Update Legacy Systems

You also want to make sure that your current technology can handle things like automation, online intake forms, or electronic charts. Having an outdated legacy system that can’t handle necessary tasks can waste unnecessary time and frustrate staff members.

Legacy systems can also cost healthcare offices more money over time. According to Bruce Johnson, CEO of healthcare supply chain management organization GHX, $5 billion is lost annually in the healthcare supply chain due to inefficiencies involved in legacy systems.

Upgrading systems to meet newer technology standards can simplify many processes staff deals with on a daily basis, like patient charting or intake forms, but it can also enhance the overall patient experience. Less time spent handling paperwork means more time seeing patients, which means shorter wait times, less time spent in the office, and less hassle related to delayed paperwork.

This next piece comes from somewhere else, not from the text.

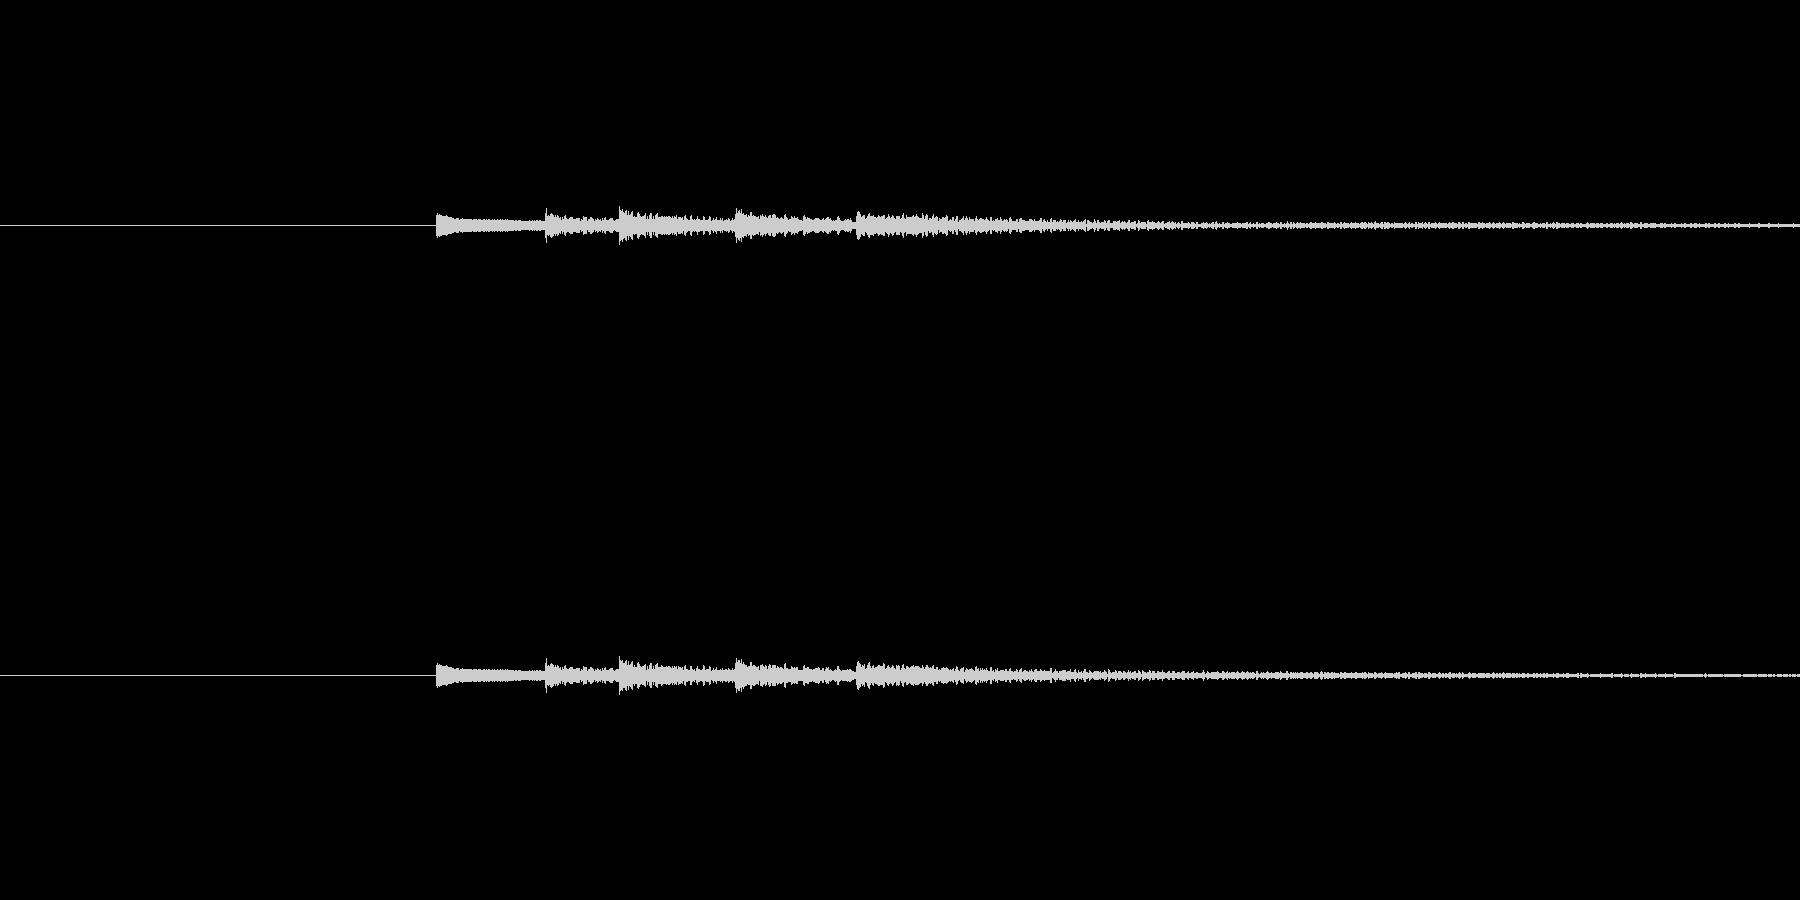 「ドレミファソ♪」というかわいいグロッ…の未再生の波形

Clarify Organizational Goals

Even if you had the newest technology and the best recognition program, your staff could still be unhappy if they don’t understand exactly how their job performance is being measured.

That’s why it’s essential for office management to help staff align with organizational goals as well as set goals for themselves for job performance. Leadership should take the time to clarify what those metrics are, however.

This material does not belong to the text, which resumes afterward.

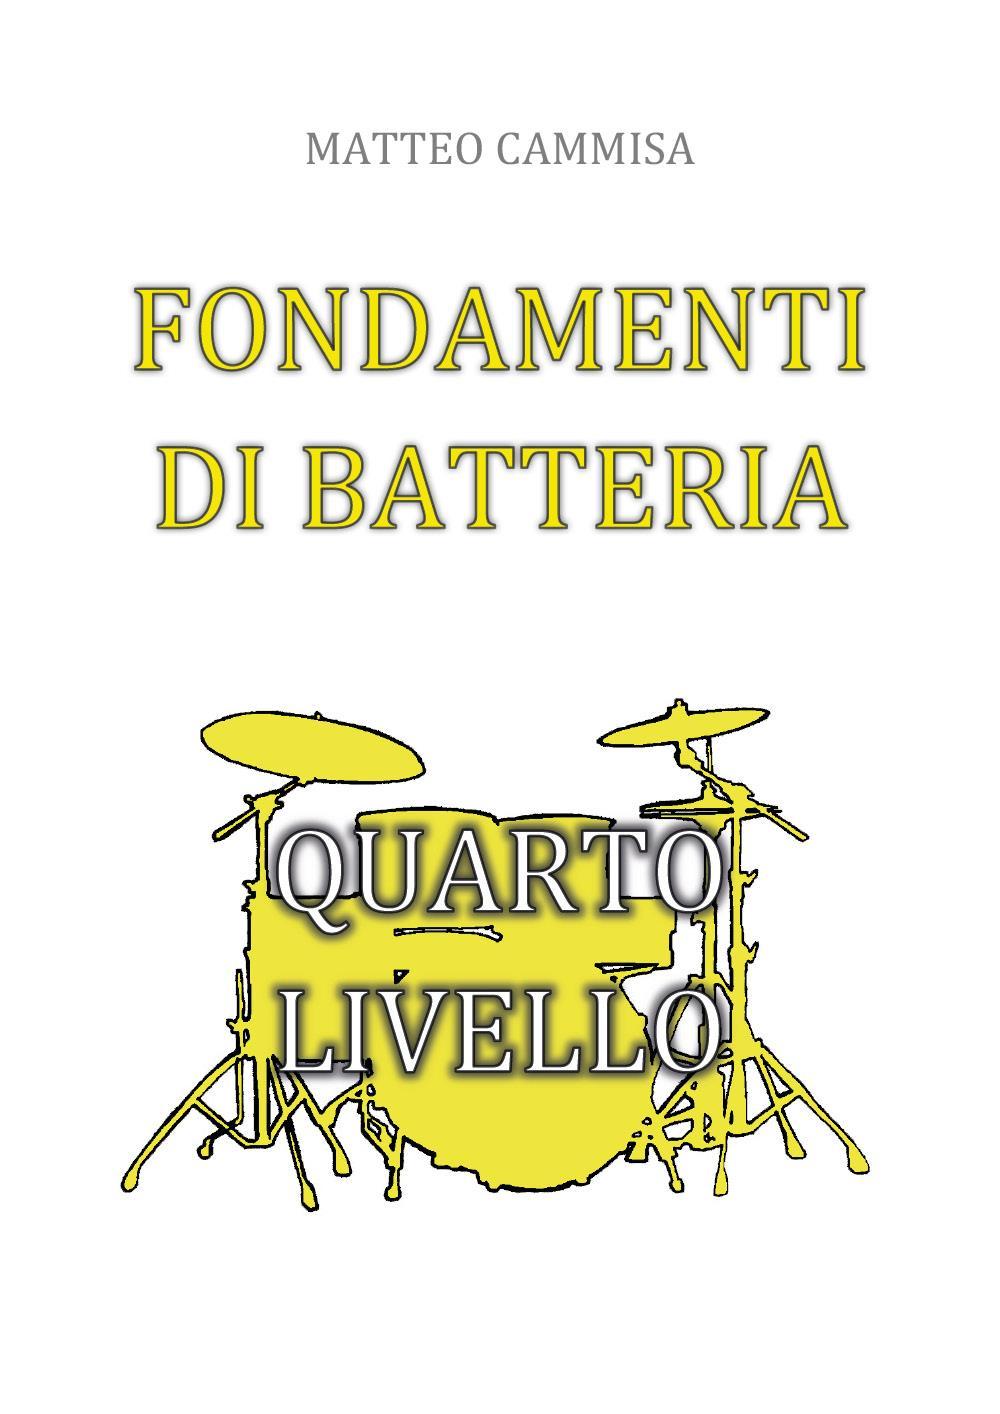 Fondamenti di batteria - quarto livello

For example, if leadership believes that “high performance” means a high number of patients seen per day, but lower management or other office staff believe high performance to be less time spent in the office, those things may be in conflict.

Staff could assume that they’re living up to expectations and wonder why they’re not being recognized. Communicating expectations with staff can help them understand the metrics for success and, in turn, be more successful.

It’s also important for offices to hire staff members that align with organizational goals. While the hiring process can be stressful for understaffed offices, hiring someone just because they meet the minimum criteria won’t necessarily improve office morale.

HR should look for employees that will add benefit to the office and who fit the culture of the organization.

Interested in viewing our happy healthcare staff checklist? Download for free!

Final Thoughts

While keeping staff happy is not an exact science, there are things that can be done intentionally to keep spirits high. General appreciation and recognition is an excellent place to start, and remember that even something simple and inexpensive can go a long way.

As much as possible, healthcare offices should seek to simplify workflow processes with technology to minimize tedium. Tasks like collecting and filing intake forms, processing patient charts, and scheduling (both patient and staff scheduling) can all be done electronically to save time.

Even though many healthcare offices are understaffed and overworked, giving employees time off or finding ways to improve their work life balance can also boost job satisfaction and improve patient care. Because ultimately, whatever you do for your staff, you’re also doing for your patients.